Shoulders and Triceps Workout

ExerciseSets x Reps
Seated Barbell Press4 x 6-8
Arnold Press4 x 8
Barbell Shrugs (drop set on final set)4 x 10
Lateral Raises (drop set on final set)3 x 12
Weight Dips3 x 10
Cable Pressdowns (drop set on final set)3 x 12

Leg Workout

ExerciseSets x Reps
Deadlifts4 x 6-8
Front Squats4 x 8
Good Mornings3 x 8
Leg Extensions (drop set on final set)5 x 10
Leg Curls (drop set on final set)5 x 10
Standing or Seated Calve Raises7 x 15

Bodybuilding Workout Plan Nutrition and Supplements

You can follow this 8-week bodybuilding workout program religiously, but if you don’t give your muscles what they need to recover, they simply will not grow. 

This program would not be complete without giving you some guidance in those areas. And fortunately, nutrition and supplements are simple (though many overcomplicate this!)

Bodybuilding Nutrition for Mass Gains

Bodybuilding Nutrition for Mass Gains

If there’s one part where most fail at bodybuilding it’s the diet. Now, this post is more about the 8 week bodybuilding workout program (the weight training part), so I’m not going to go in depth with nutrition. 

The good news is I really don’t have to. Because eating for bodybuilding not complex. At least it shouldn’t be! 

I will give you some basic rules for bodybuilding nutrition that will complement this weight training program: 

  • Do NOT fall into the trap of trendy or fad diets! 
  • Yes, you need all 3: Protein, carbs, and fats
  • Eat 5-6 medium size meals per day
  • Make sure you eat plenty of protein and carbs immediately after your workouts
  • Don’t overeat, and don’t undereat (listen to your body, and just be honest with yourself)

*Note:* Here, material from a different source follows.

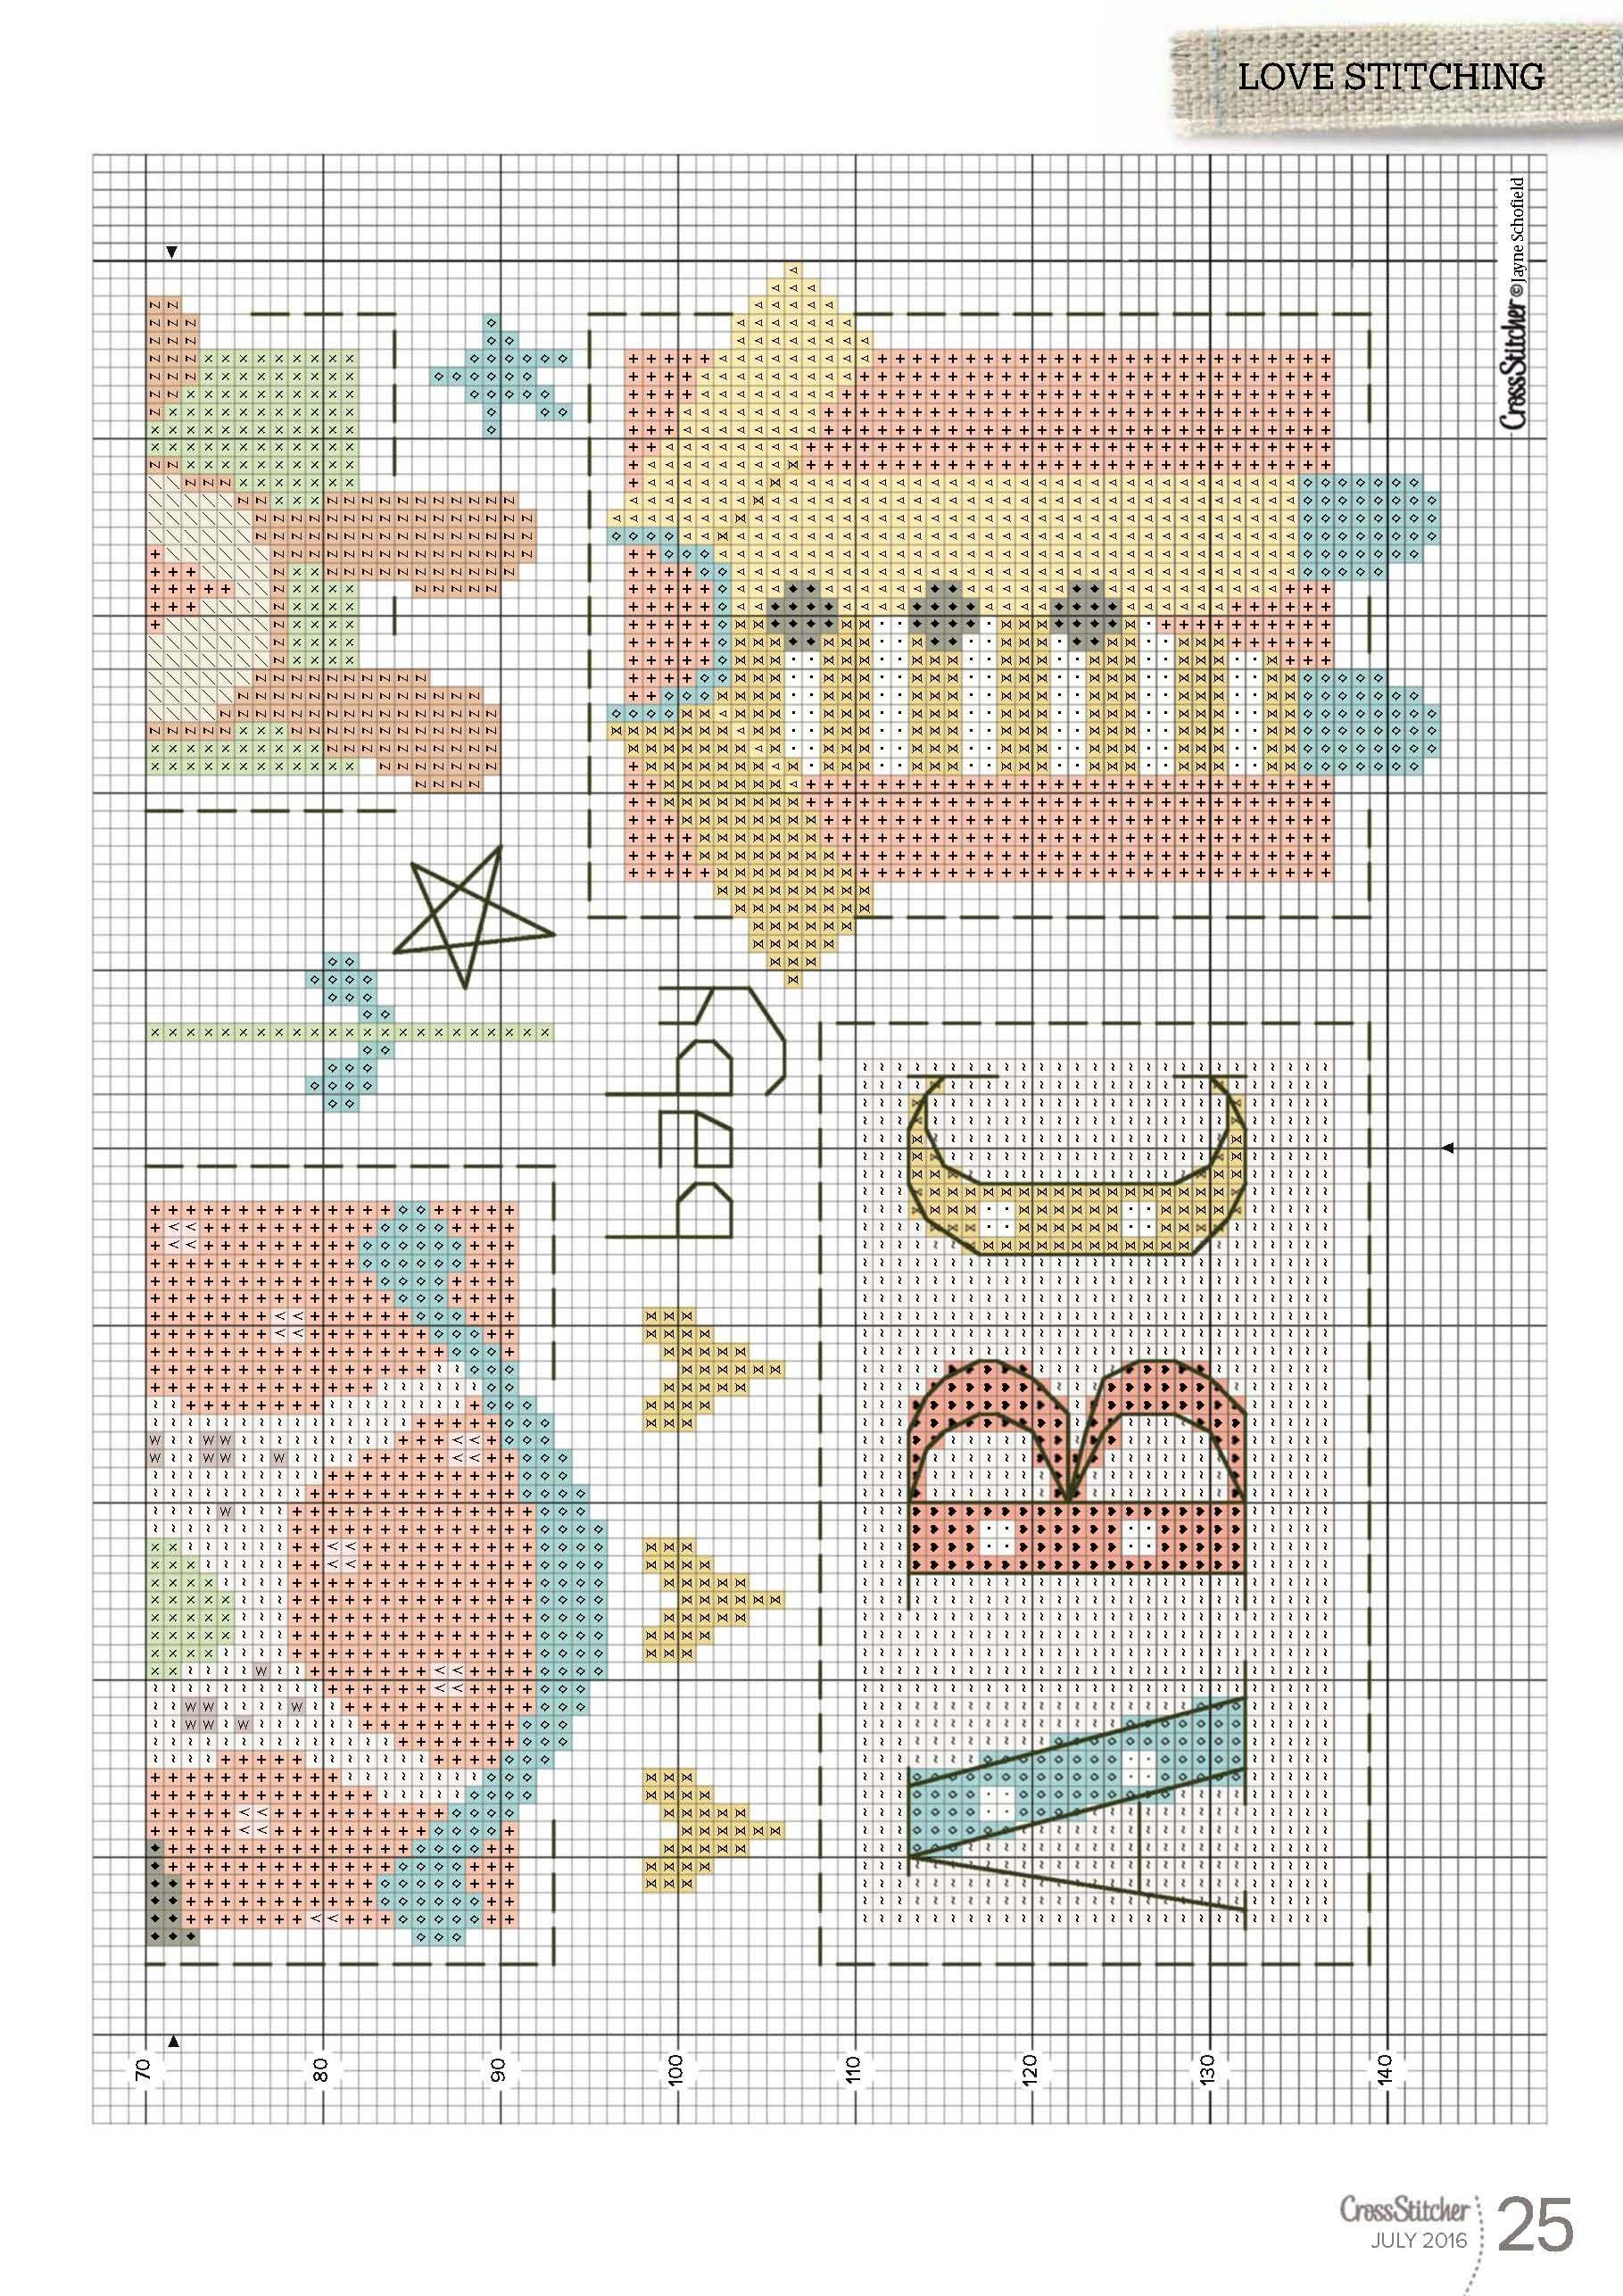 Good Night Sleep Tight From Cross Stitcher N 307 July 2016 4 Of 6 Cross Stitch Baby Cross Stitch Patterns Free Cross Stitch Patterns Christmas

Stick with those basic bodybuilding nutrition rules during this workout program and you’ll be just fine! 

**Be sure you check out my meal plans for mass and strength gains on this post: Meal Plans for Mass and Strength Gains

Bodybuilding Supplements for Mass Gains

Let’s be real…there’s a ton of supplements for mass out there. But let me break this down for you and help you save money. Because you and I both know that you can spend an entire paycheck on Bodybuilding.com or Amazon buying bodybuilding supplements.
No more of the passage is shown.